HOT SAND LAB mm |hum のブランディングデザイン事例_vol.01
ブランディングデザインプロジェクト「hum」は、日本橋に12月7日にグランドオープンするホットサンド専門店「HOT SAND LAB mm(ホットサンドラボ ミリ、以下mm)」のブランディングデザインを担当しました。
mmは空間設計・デザインチーム、株式会社NODの自社事業。
同社が企画運営するビルプロジェクト「GROWND」の第1弾となる日本橋ビルの1階に構えます。
今回、humを主宰する神岡が「GROWND」プロジェクトのクリエイティブを担当していた関係で、mmのブランディングデザインに協力させていただく運びとなりました。
このnoteでは、mm誕生の経緯と、humとして辿ったブランディングデザインの軌跡をワークフローに則って紹介します。
humとは?
情緒を見出し、ブランドにユーモアを - humorous branding
もの・企業などに情緒を見出し、ユーモアという付加価値でブランドをかたちづくるデザインプロジェクトです。

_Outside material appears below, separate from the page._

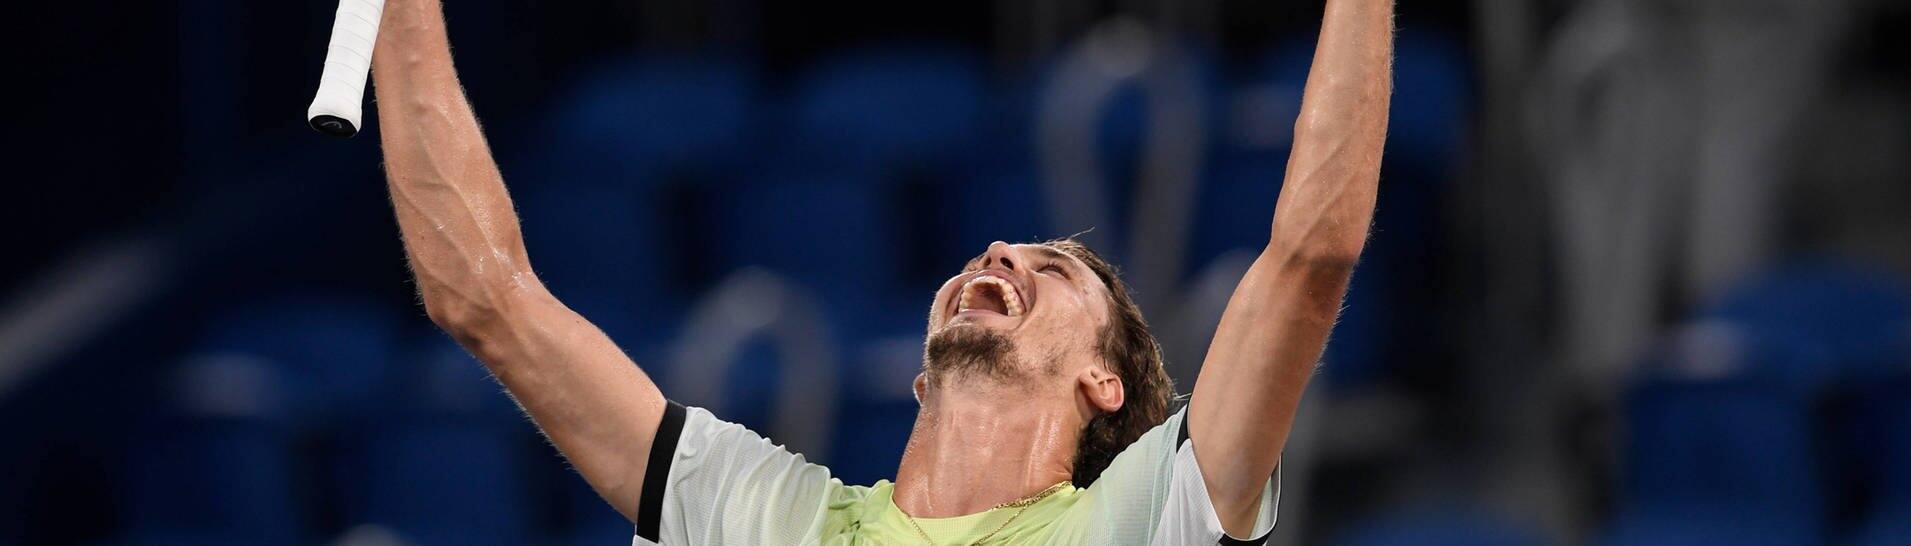 Alexander Zverev feiert seinen Sieg. (Foto: IMAGO, imago images/Paul Zimmer)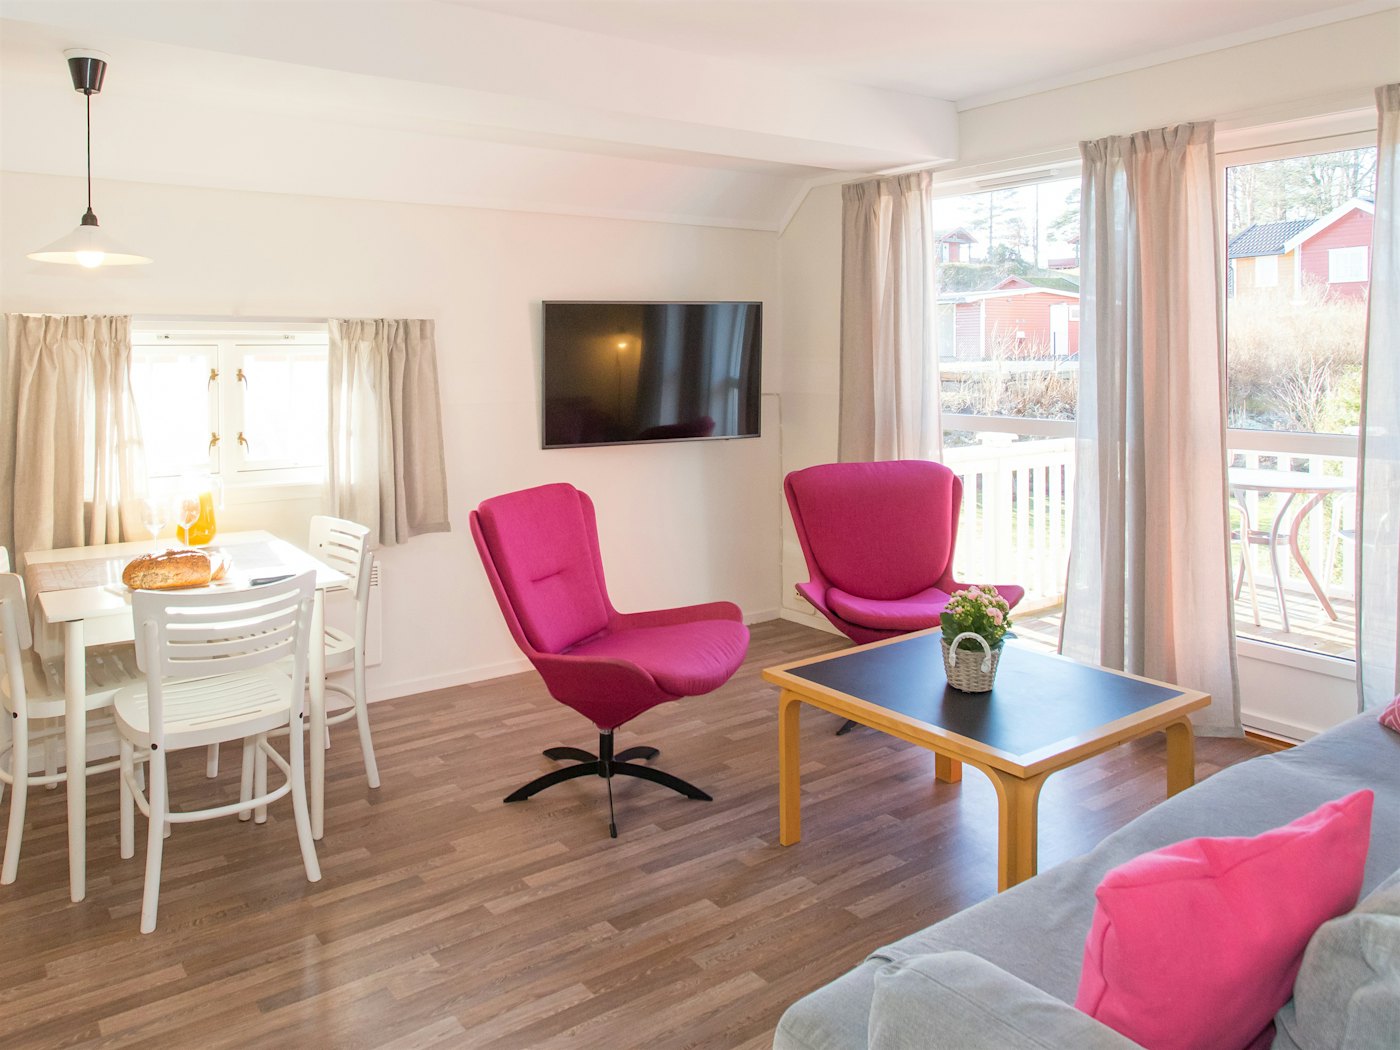 Heller und offener Raum mit viel natürlichem Licht durch große Fenster. Zwei rosafarbene Sessel, Sofa, Fernseher und gedeckter Esstisch zum Frühstück. Foto

ブランドをひとりの「人」と捉えて、情報・目的の整理から情緒的な要素を定義。「哲学、個性、性格、表情、会話」というセクションで区切りつつ、考え方から最終的なビジュアルまでを一貫してブレなくデザインしていきます。
詳しくはwebサイトと、私たちの考え方・スタンスをまとめたnoteも併せてご覧ください。
webサイト
ブランディングデザインへの向き合い方
はじめに
HOT SAND LAB mmについて
ホットサンドをメディアとして日本橋・日本全国の食材を発信する、元鮨屋のホットサンド専門店です。
NODについて
株式会社NODは、これまで「リアルな場における制限やハードルを越えて、街を自由にもっとおもしろくしたい」という思いから、建築・不動産の領域を 軸に、クリエイターやアーティストとともに「新しい空間の在り方」を模索するプロジェクトをつくっている空間設計・デザインチームです。
これまで、解体前の遊休ビルを 利用した食の実験場「ツカノマノフードコ ート」や、移動型滞在施設「BUSHOUSE」空間設計・企画などを行ってきました。
GROWNDについて
GROWND はNODが手掛ける、新しいアイデアを自由に実装できる環境をつくるプロジェクト。
リアルとデジタル、実店舗とECサイト、レストランと食品工房など、2つの要素をかけ合わせることで、リアルの場で生み出される価値をさまざまな制約と向き合いながらより多くの人に丁寧に届けられる仕組みを作るというもの。
第1弾は日本橋にて、遊休不動産(解体前など、短期的に使い手のいなくなった 不動産)の一棟ビルを使い、場の歴史を大切にしながら空白の期間に長期的な価値を育んでいきます。
背景 - GROWNDプロジェクトの一環としてmmが生まれるまで
GROWNDプロジェクトに至るきっかけ
それはNODの
リアルな空間でのクリエイティブにかかる 「制限」
という課題意識でした。
デジタル上では誰もがクリエイティビティを発揮し、SNSやコンテンツなどで世界に発信できるのに、リアルな空間でなにか面白いことを仕掛けようと思っても、費用や法律、物理的な問題など、格段にハードルの高さがあります。
特に、飲食店は、その最たる例。 飲食店を出店しようと思っても、初期投資の大きさの割りに得られるリターンは少ないし、初期投資の大きさによって席数も限られ、繁盛する時間も限られている。
不動産における、リアルにおける 窮屈を取り除きたい。そんなことを考えているタイミングで出会ったのが、第1弾となる日本橋ビルでした。
コロナ禍においての飲食店のすがた
日本橋ビルと出会うタイミングと同じくしてきた、新型コロナウイルスの流行。
様々な事業やコンテンツが苦しみました。
飲食店もその最たる例。コロナ禍で、休業・廃業に追い込まれていくお店もたくさんありました。
愛されるお店の味を絶やさないために、そしてこれからも新しい食文化がうまれつづけるように。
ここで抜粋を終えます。